Etteilla, the pseudonym of Jean-Baptiste Alliette (1 March 1738 – 12 December 1791), was the French occultist and tarot-researcher, who was the first to develop an interpretation concept for the tarot cards and made a significant contribution to the esoteric development of the tarot cards to a wide audience (from 1783), and therefore the first professional tarot occultist known to history who made his living by card divination.

Etteilla also influenced the French divination professional Marie Anne Lenormand. In the years 1783-1785 Etteilla published his work Manière de se récréer avec le jeu de cartes nommées tarots, which is still considered the standard reference work of Tarot cartomancy. Etteilla published his ideas of the correspondences between the tarot, astrology, and the four classical elements and four humors, and in 1789 he published his own tarot deck, which differed significantly from the classic tarots in terms of structure and card designations.

Personal life

Aside from the birth certificate recording his birth in Paris in 1738, very little is known about Jean-Baptiste Alliette's youth. His father was a maître rôtisseur, a caterer, and his mother was a seed merchant.

He married Jeanne Vattier in 1763, a marriage that lasted half a decade, during which he worked as a seed merchant, before publishing his first book in 1770. "Etteilla" is simply the reverse of his surname.

Work

His first book, Etteilla, ou maniere de se récréer avec un jeu de cartes (1770) was a discourse on the usage of regular playing cards (the piquet deck, a shortened deck of 32 cards used in gaming, with the addition of an "Etteilla" card). Features included the "spread", or disposition on the table, and strictly assigned meanings to each card both in regular and in reversed positions, characteristics that are still central to tarot divination today. In his preface, "Etteilla" explained that he had learned his system from an Italian; it remains unclear to what extent his assigned symbology was his own contribution. The book was reprinted the following year. He was working as a printseller, but from this time, approximately, he earned his livelihood by working as a consultant, teacher and author.

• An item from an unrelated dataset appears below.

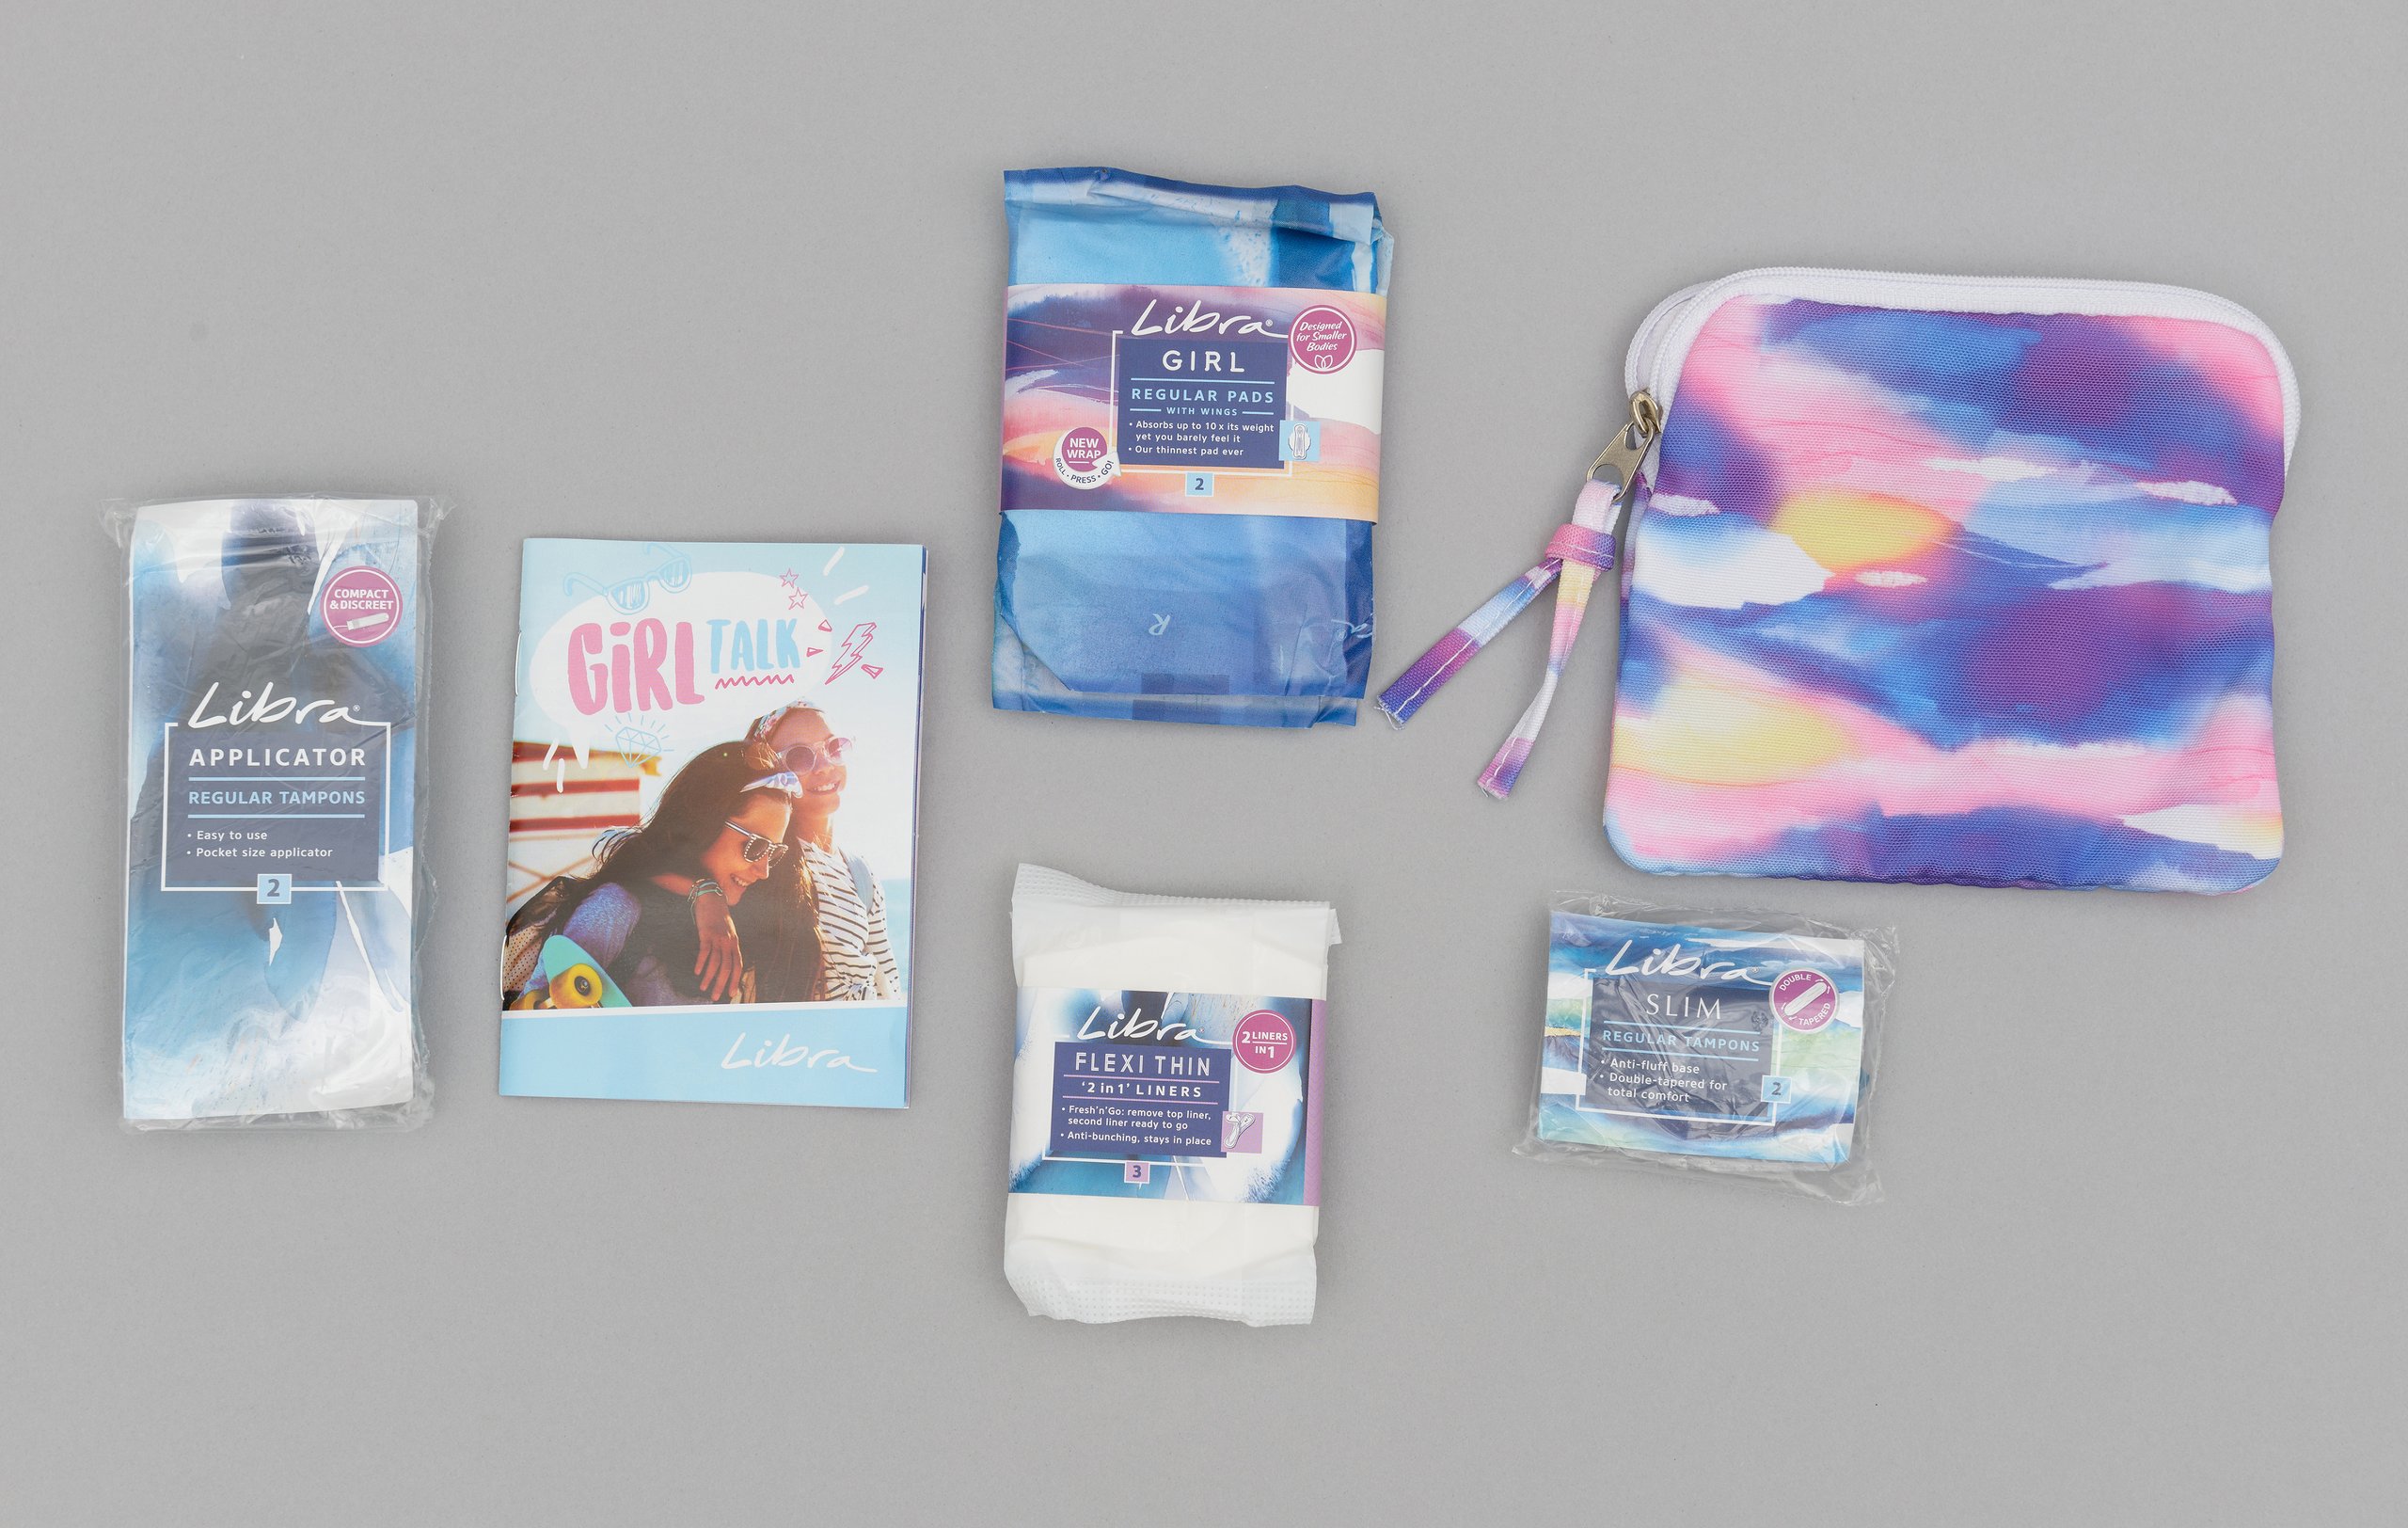 Libra Girl sample pack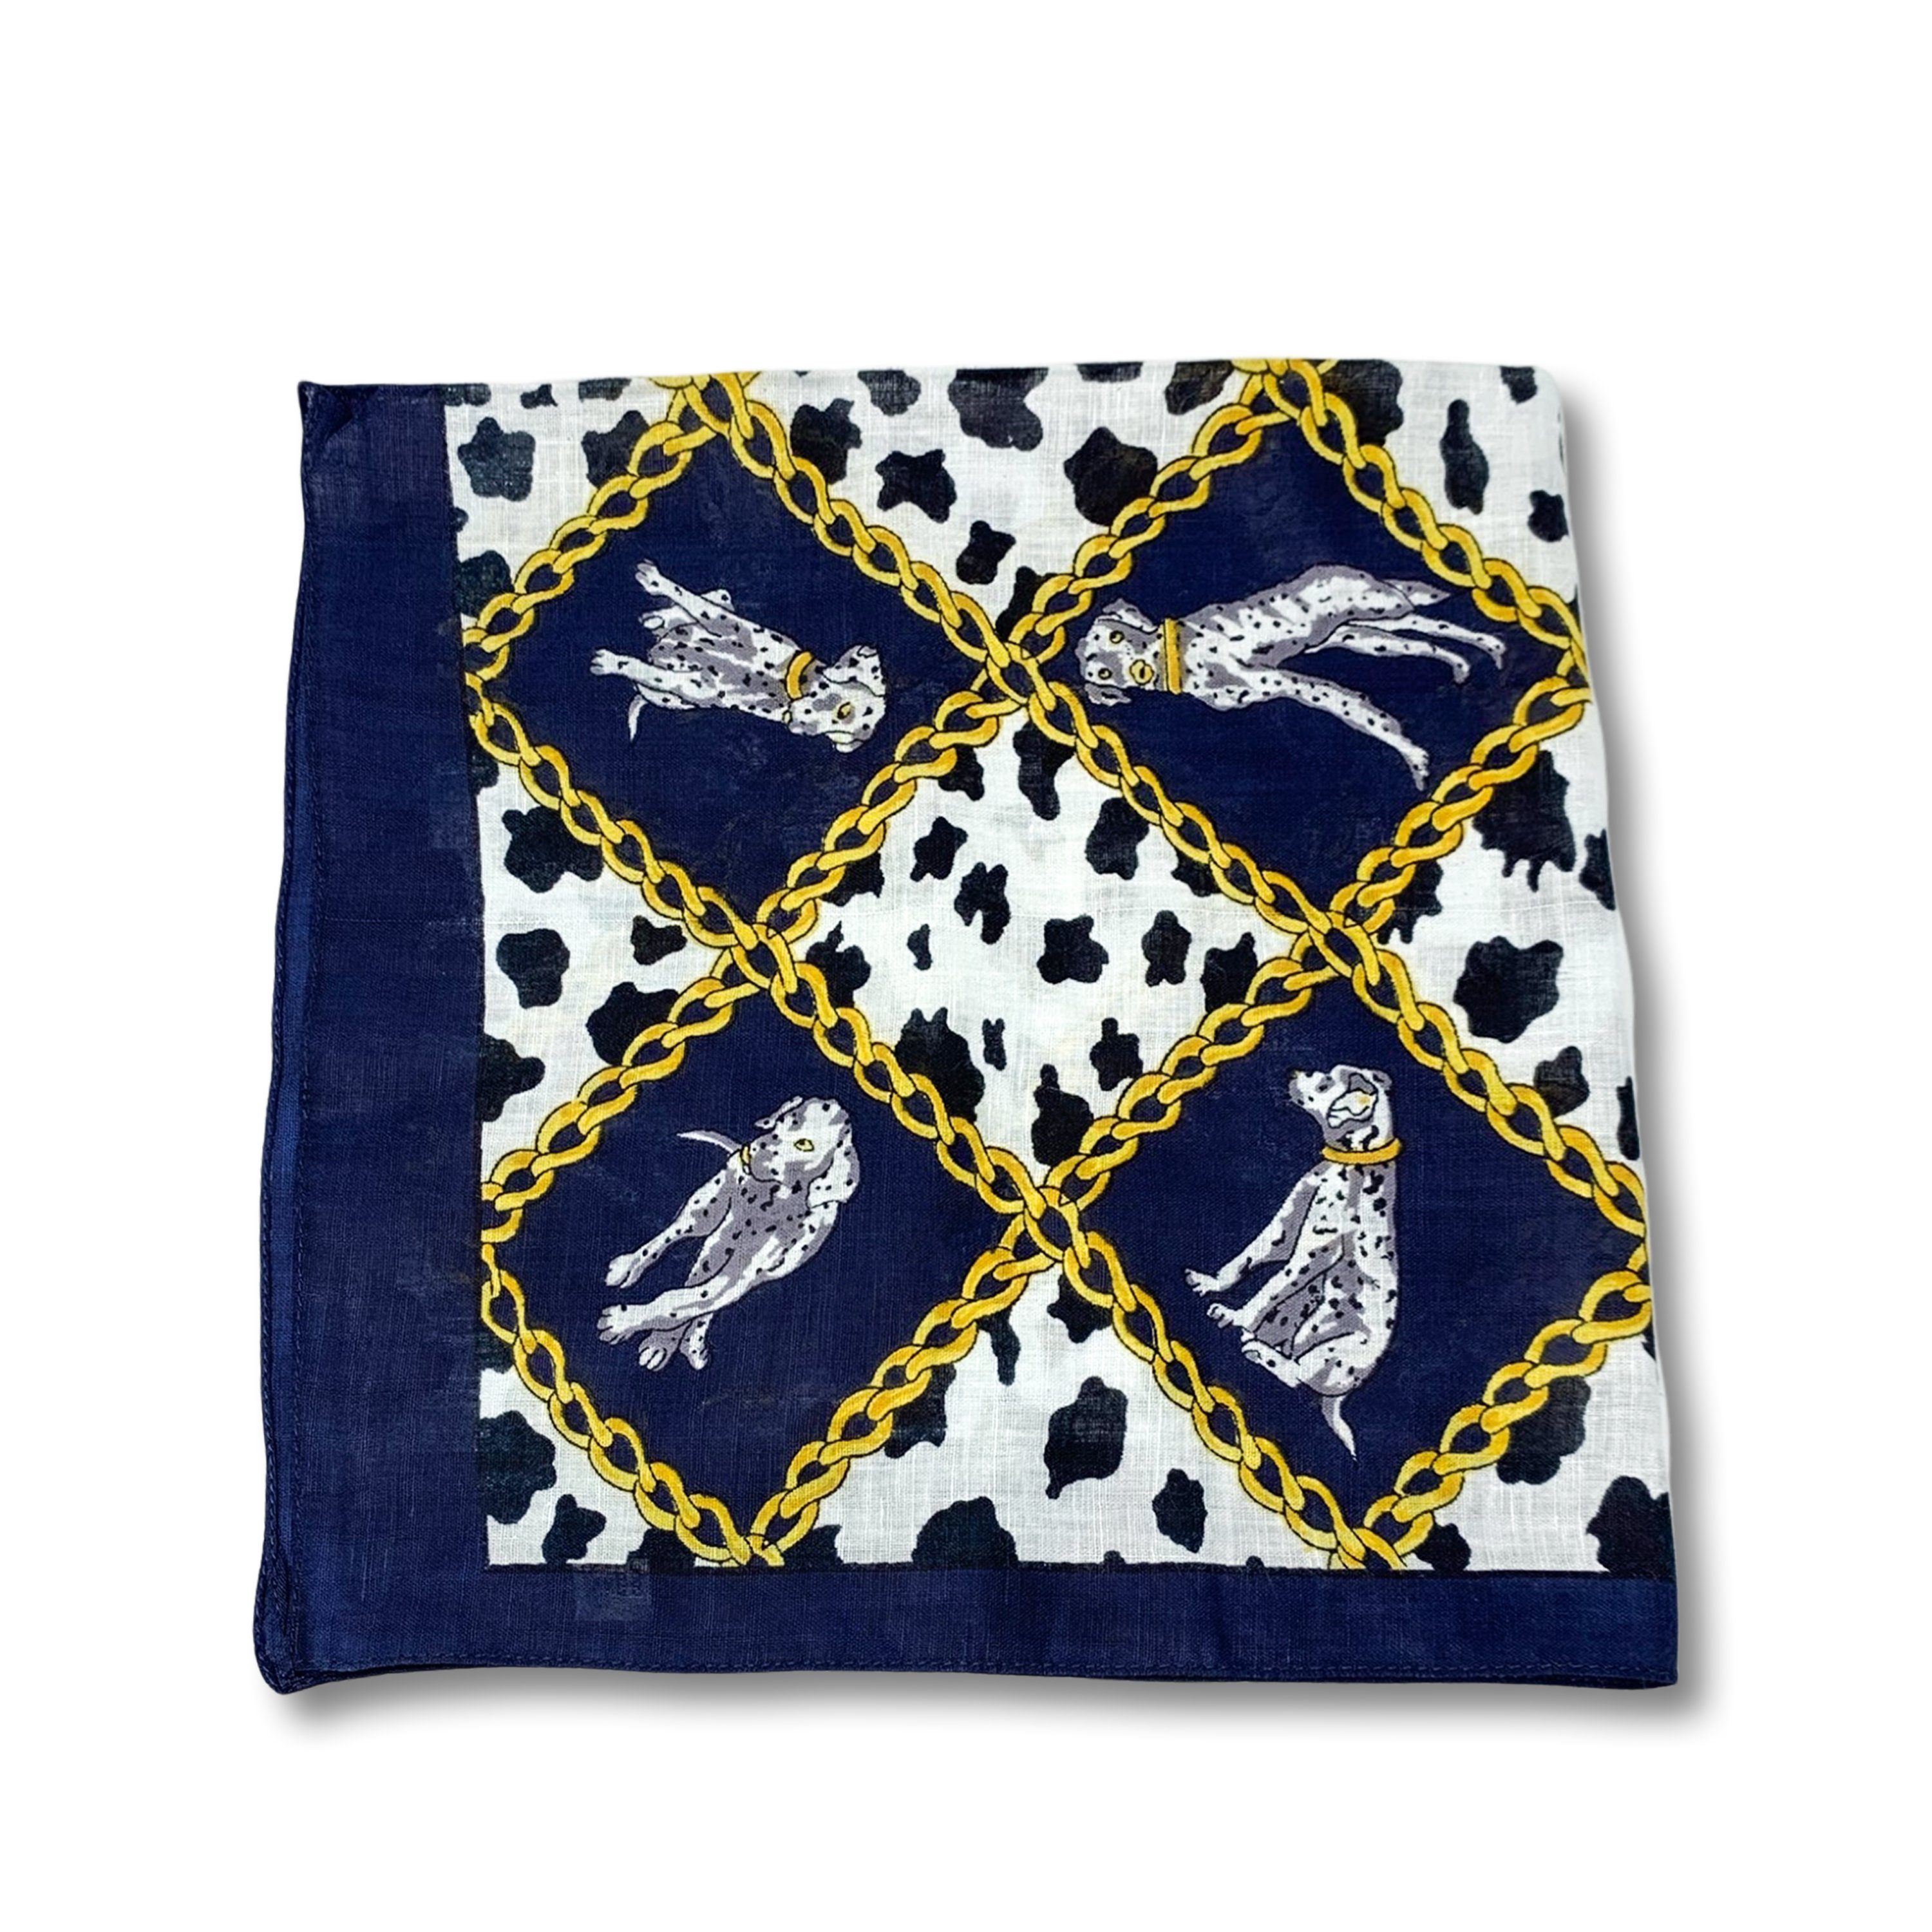 Friseurmeister Halstuch Schal Basic 50cm x 50cm - leichte tücher scarf halstücher halsband Blau Weiß Gold

In 1781 the French Swiss Protestant clergyman and occultist Antoine Court de Gébelin published in his massive work Le Monde primitif his idea that the Tarot was actually an ancient Egyptian book of arcane wisdom; his work included an essay by the Comte de Mellet who first called tarot cards the Book of Thoth and, crucially, claimed that the Egyptians used the cards for fortune-telling and described what purported to be their method of divination.

There is no evidence to support the notion that tarot has an Egyptian lineage but, influenced by de Gébelin, Etteilla responded with another book, Manière de se récréer avec le jeu de cartes nommées tarots ("Way to recreate yourself with the deck of cards called tarots") in 1783. It was the first book of methods of divination by Tarot. In the book, Etteilla claimed that he had been introduced to the art of cartomancy in 1751, long before the appearance of Court de Gebelin's work.

In 1788 he formed Société des Interprètes du Livre de Thot, a group of French-speaking correspondents through which he continued to discuss his ideas about tarot interpretation. The next year he published a special deck for divination that syncretized his ideas with older forms of French cartomancy. This was the first deck of cards specifically designed for occult purposes.

In 1790, Etteilla founded the Nouvelle Ecole de Magie (New School of Magic). Later that year, he published Cours théorique et pratique du Livre du Thot (Theoretical and practical course from the Book of Thoth), which includes his reworkings of what would later be called the Major Arcana and Minor Arcana, as well as the introduction of the four elements and astrology.